Many other unexplained associations occur from the 3D structures. One is bonding between points on the DNA loops. A second is special close relations of genes that are co regulated. Another is the spatial separation of active and repressed regions.
TAD structures assure that genetic network communication won’t be disrupted. Also, they allow the regulating factors to more strongly bind to create a more rapid production of proteins.
Vast Complexity of Chromatin 3D Shapes
Complexity of genetic regulation seems to be increasing at an exponential rate. As well as alternative RNA splicing, RNA silencing, and long and short non-coding RNAs regulating genetic activity, there are at least 30 different kinds of markings on the many different kinds of histone structures.
But, now 3D higher level structures of chromatin and chromosomes are critical to the specific functioning of gene networks in particular cells.
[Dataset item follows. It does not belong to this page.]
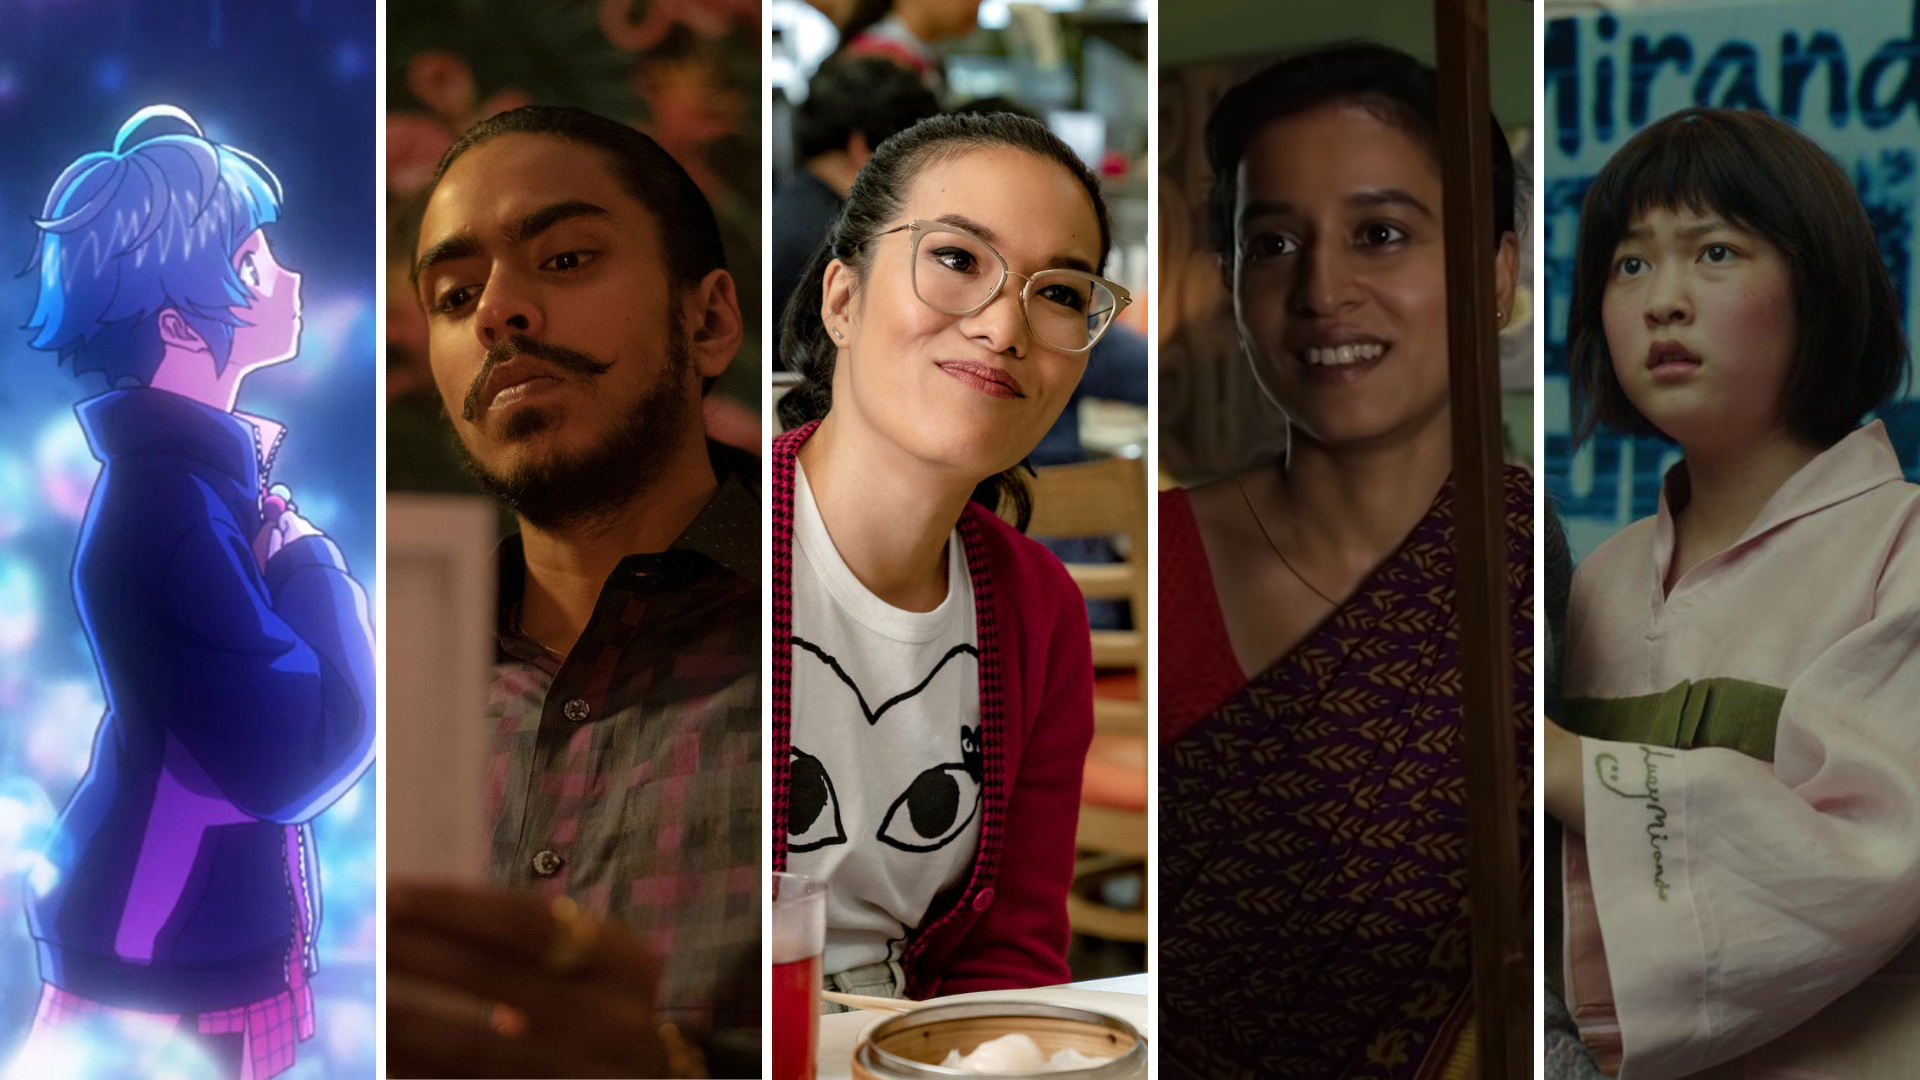 Five images from Netflix films made by Asian creators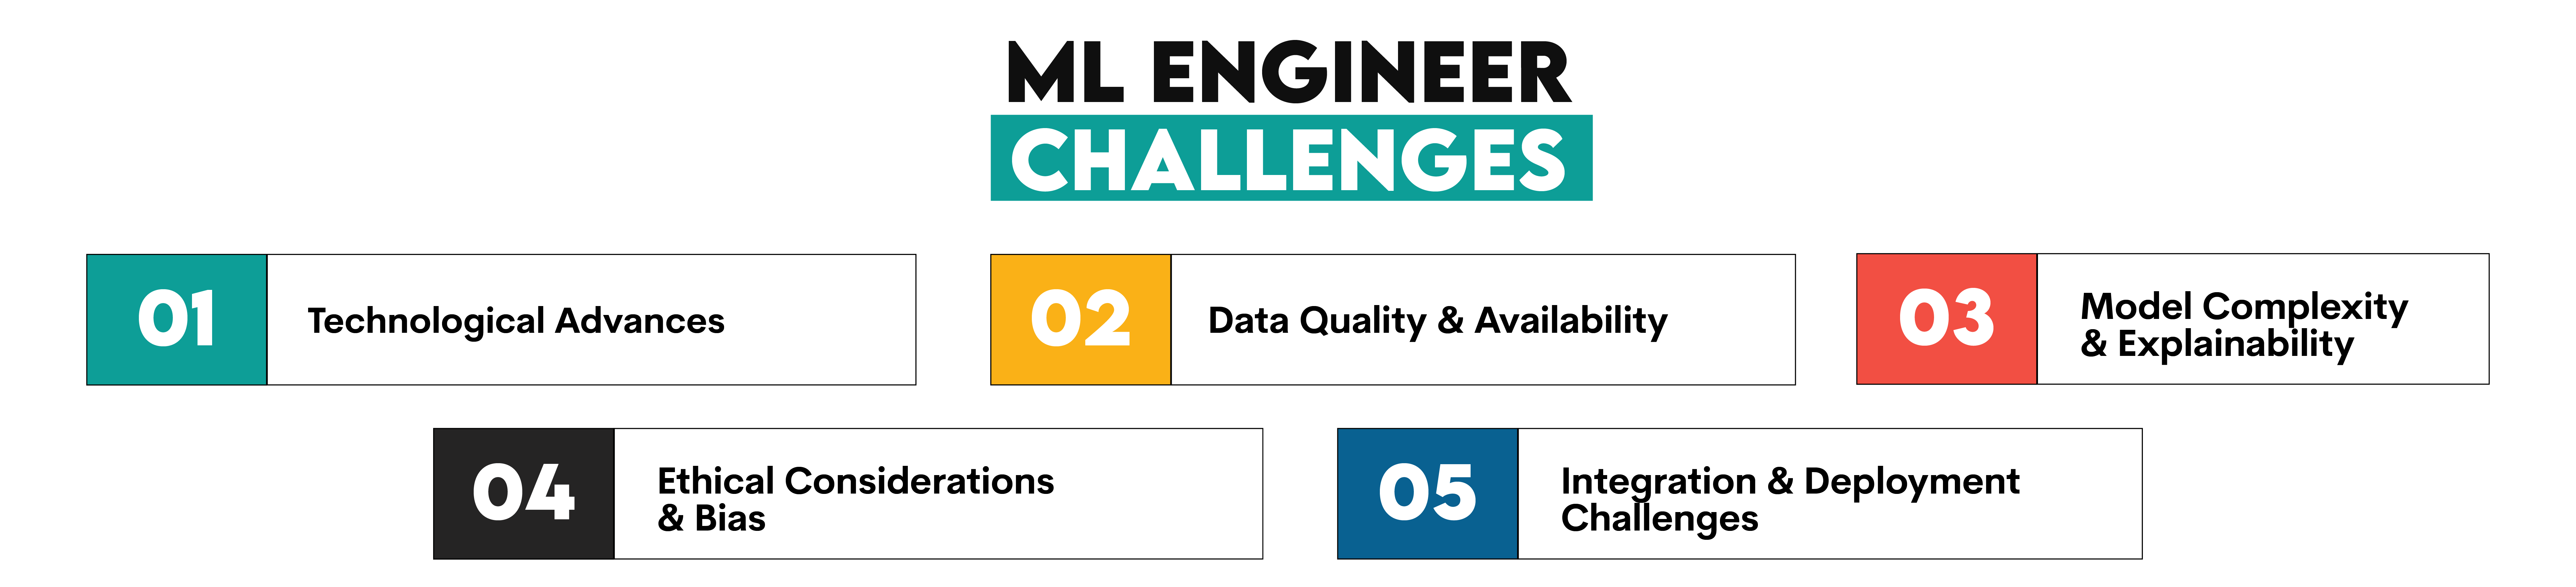 Challenges in the Career of Machine Learning Engineers

Chromatin is both extremely organized yet constantly changing shape in three dimensions. The critical connections of genes and the regulatory sections are maintained by the complex structure. The shape changes allow different networks to perform. This 3D structure fits into the very complex 3D structure of the nucleus with many different compartments. Just as we cannot predict the structures of proteins from the amino acid sequence, also, we cannot predict the complex 3D structures of chromatin. A vast array of protein complexes helps form these shapes.
The same questions arise as in other posts. This chromatin organization and regulation is not random. Where is the direction for this? The regulation of DNA and the triggering of gene networks occurs simultaneously in many orders of magnitude. The direction for all of this is obviously not in the DNA alone. How does thought trigger these genetic networks in specific brain cells?